従来、投射装置であるプロジェクタの光源としてランプが使用されている。近年、固体発光素子の1つである発光ダイオード(light emitting diode、LED)を照明用途に採用する機運が増したことから、プロジェクタの光源においても、ランプに代えてLEDを使用することが提案されている。プロジェクタは、照明光学系から画像形成部へ照明光を供給し、画像形成部で形成された画像を投射する。
プロジェクタに関し、照明光学系にて高輝度かつ均一な光量分布の光源像を得るために、複数のLEDからの光を導光体へ入射させる技術が知られている。導光体としては、例えば、筒形のライトトンネルおよび柱状のロッドレンズが知られている。ライトトンネルは、反射部材が形成された内壁を備える。ロッドレンズは、光を透過させる透過部材を備える。
LEDを備える照明光学系では、光源からの光量を増やすためにLEDの数を増やすことで、光源面積が増加する。光源面積の増加に伴い、光線が拡がる角度範囲は拡大する。この場合、複数のLEDからの光を導光体の入射口へ収束させることができても、広い角度範囲へ進行する光線が増加することで、導光体の出射側にあるレンズに入らない光が増加することがある。画像形成部で画像の形成に利用可能な光の入射角度に制限がある場合は、光の拡散範囲が拡大することで、画像の形成に利用されない光が増加することとなる。
導光体の1つの端面に対向させてLEDがアレイ状に配置されている場合、LEDの数が多いほど、導光体の他方の端面の出射口の面積が大きくなることで、光源像の面積が増大する。
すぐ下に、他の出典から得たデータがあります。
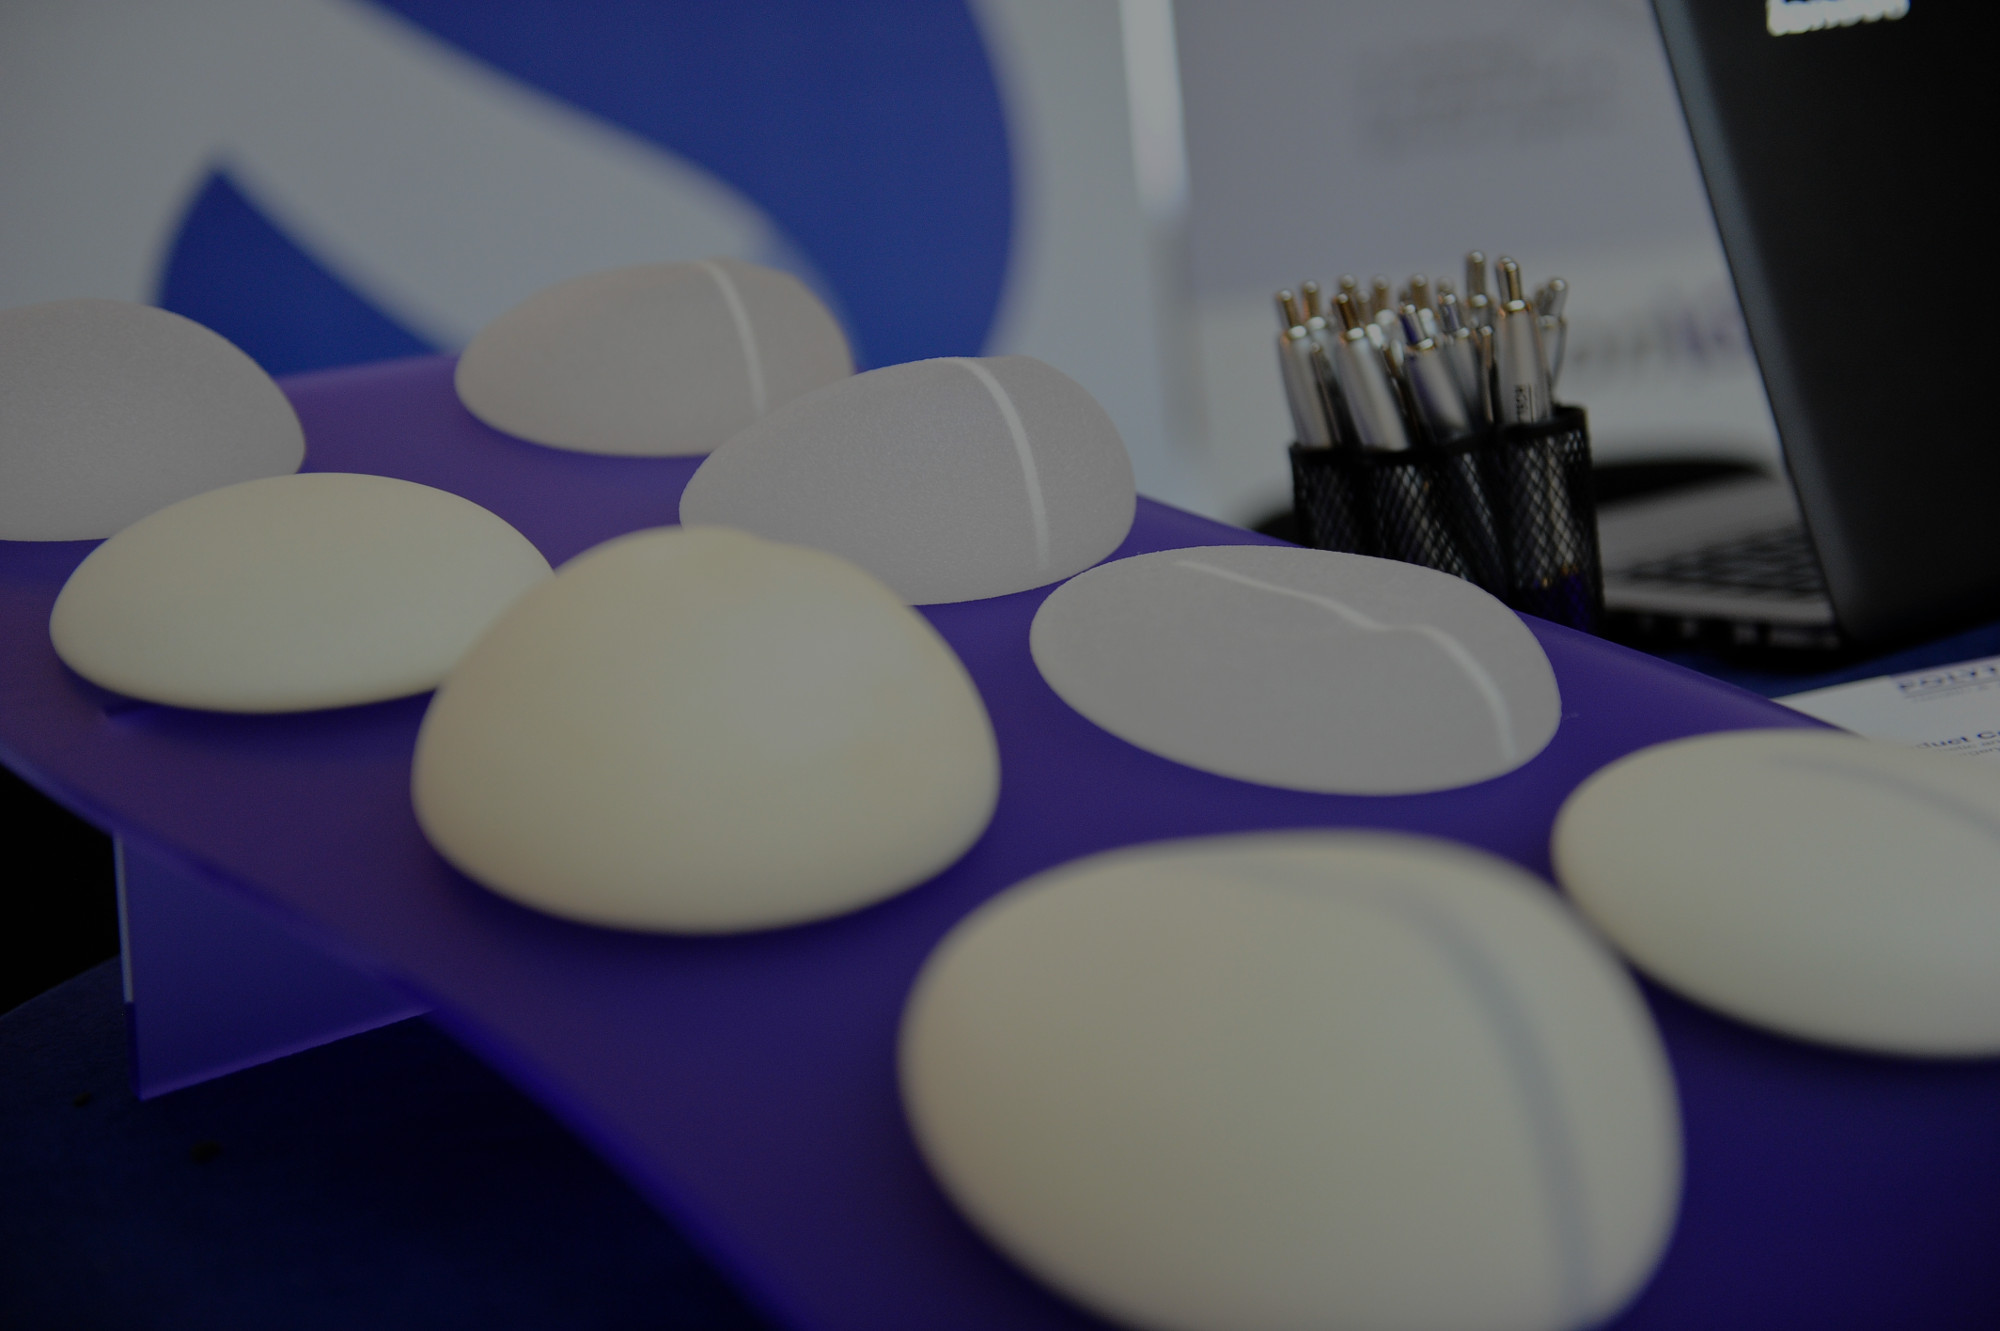 Implantes de busto en aparador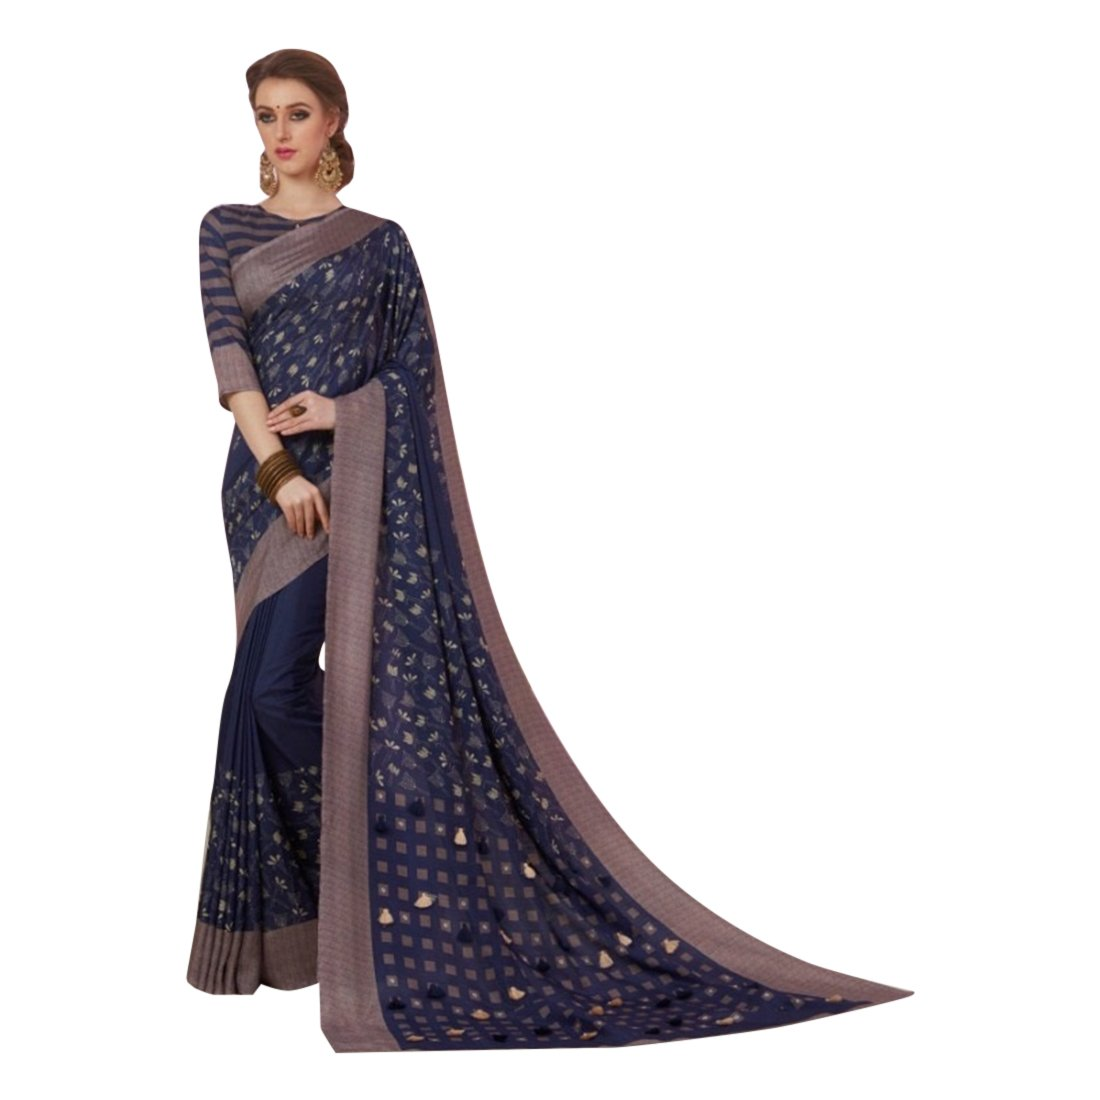 Cotton Silk Indian Bollywood Designer Saree Sari Wedding Ethnic Blouse Ceremony Formal 896

この場合も、導光体から出射された光を有効に利用することが困難となる。
本発明は、上記に鑑みてなされたものであって、固体発光素子からの光を高い効率で利用可能とする投射装置を提供することを目的とする。
上述した課題を解決し、目的を達成するために、本発明は、画像を形成する画像形成部と、光を発生させる第1の固体発光素子および第2の固体発光素子と、前記第1の固体発光素子からの光を透過させる透過部材を備える第1の導光体と、前記第2の固体発光素子からの光を反射させる反射部材が形成された内壁を備える第2の導光体と、前記第1の導光体から出射された光と前記第2の導光体から出射された光とを前記画像形成部へ進行させる光学素子と、前記画像形成部で形成された画像を投射する投射光学系と、を備えることを特徴とする。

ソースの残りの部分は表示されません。